Note: This article is the pro position of a point-counterpoint.  To read Alex Horn’s con position, click here.

Time Magazine recently published Princeton University student Tal Fortgang’s article, “Why I’ll Never Apologize for My White Male Privilege.”  In the feature, Fortgang describes being targeted with the phrase “check your privilege,” suggesting that the expression degrades all that he has personally accomplished by attributing it to his advantaged background.  He refutes what he perceives to be a degradation of his accomplishments by discussing the lack of privilege that his ancestors faced when escaping from persecution by the Nazis.

His argument is flawed on two levels.  First of all, privilege means that an individual is born into a societally advantageous scenario, whether socioeconomically, racially, sexually, or otherwise.  Just because one’s ancestors were not privileged does not mean that their descendants cannot be.

The second flaw, which is much more significant than the first, is that that Fortgang completely misinterprets the meaning of the phrase “check your privilege.”  It is not an attempt to disparage one’s accomplishments, a request that one apologize for being white, male, or rich, or anything else that might give a person an edge in our unfortunately prejudicial, unfair society.  It is simply a beckoning for those who have a step up at birth due to factors they can’t control to recognize that they have an advantage and use their increased influence to try and increase the equity of society.  “Check your privilege” is not an insult, or a degradation, or a belittling of one’s achievements; it is just a clarification that a social hierarchy exists, and that all people, privileged or otherwise, should be cognisant of the lack of social equity that exists in society.

Furthermore, Fortgang suggests that privilege based on racial or sexual characteristics is a myth, referring to America as “a country that grants equal protection under the law to its citizens, that cares not about religion or race, but the content of your character.”  He fails to comprehend that a hierarchy does exist in society.  It is not prevalent, overarching, or blatant; but it is there, insidiously creeping underneath societal interactions and judgements.  Racial, sexual, and religion-based prejudices are apparent in politics, pop culture, sports, and general everyday interactions.  The influence of these prejudices varies from area to area, and it is impossible for a white person living in a largely equitable community to understand why a black person from a racist community feels as targeted as he does.

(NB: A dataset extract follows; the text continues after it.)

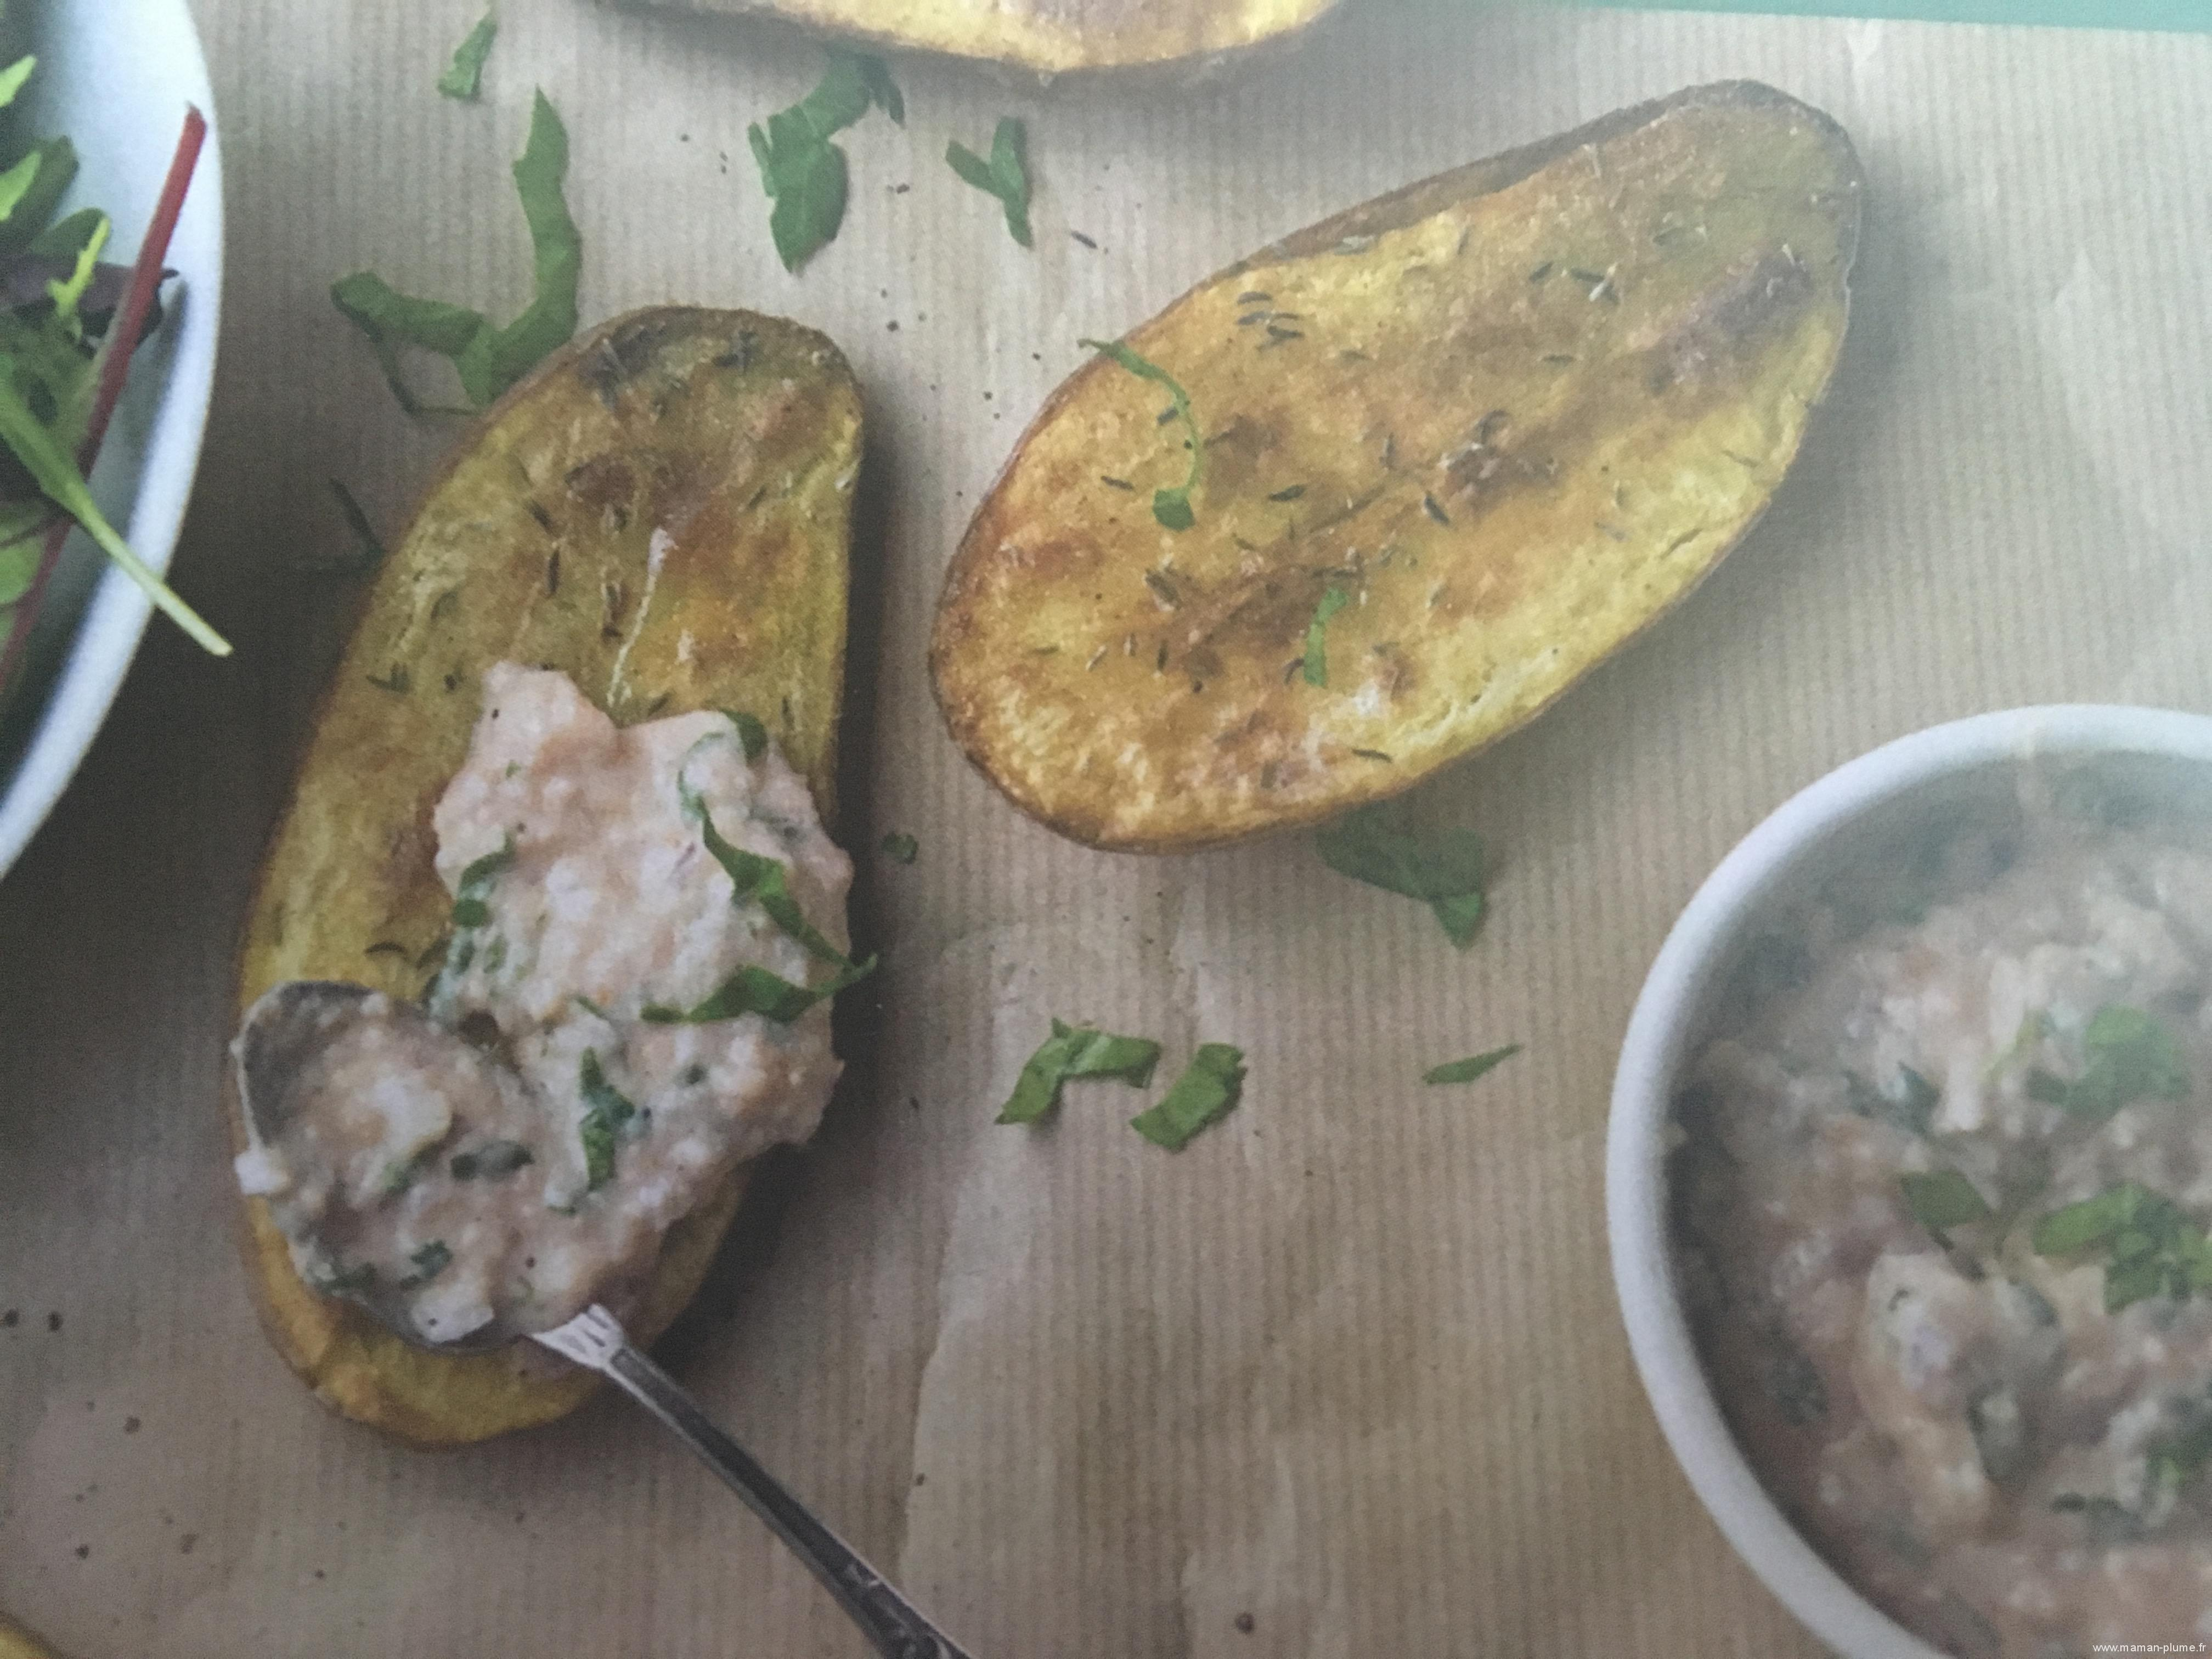 Les paniers recettes Quitoque, la cuisine facile !

It is imperative that everyone, black or white, male or female, Christian, Jewish, Muslim or otherwise, recognizes that social prejudices are real.  They can be overcome, but only if society recognizes that they still persist in our society.  Tal Fortgang’s position represents that of many similarly misinformed individuals who fail to look beyond their own communities and do not recognize that others were born into predicaments far less fair than their own.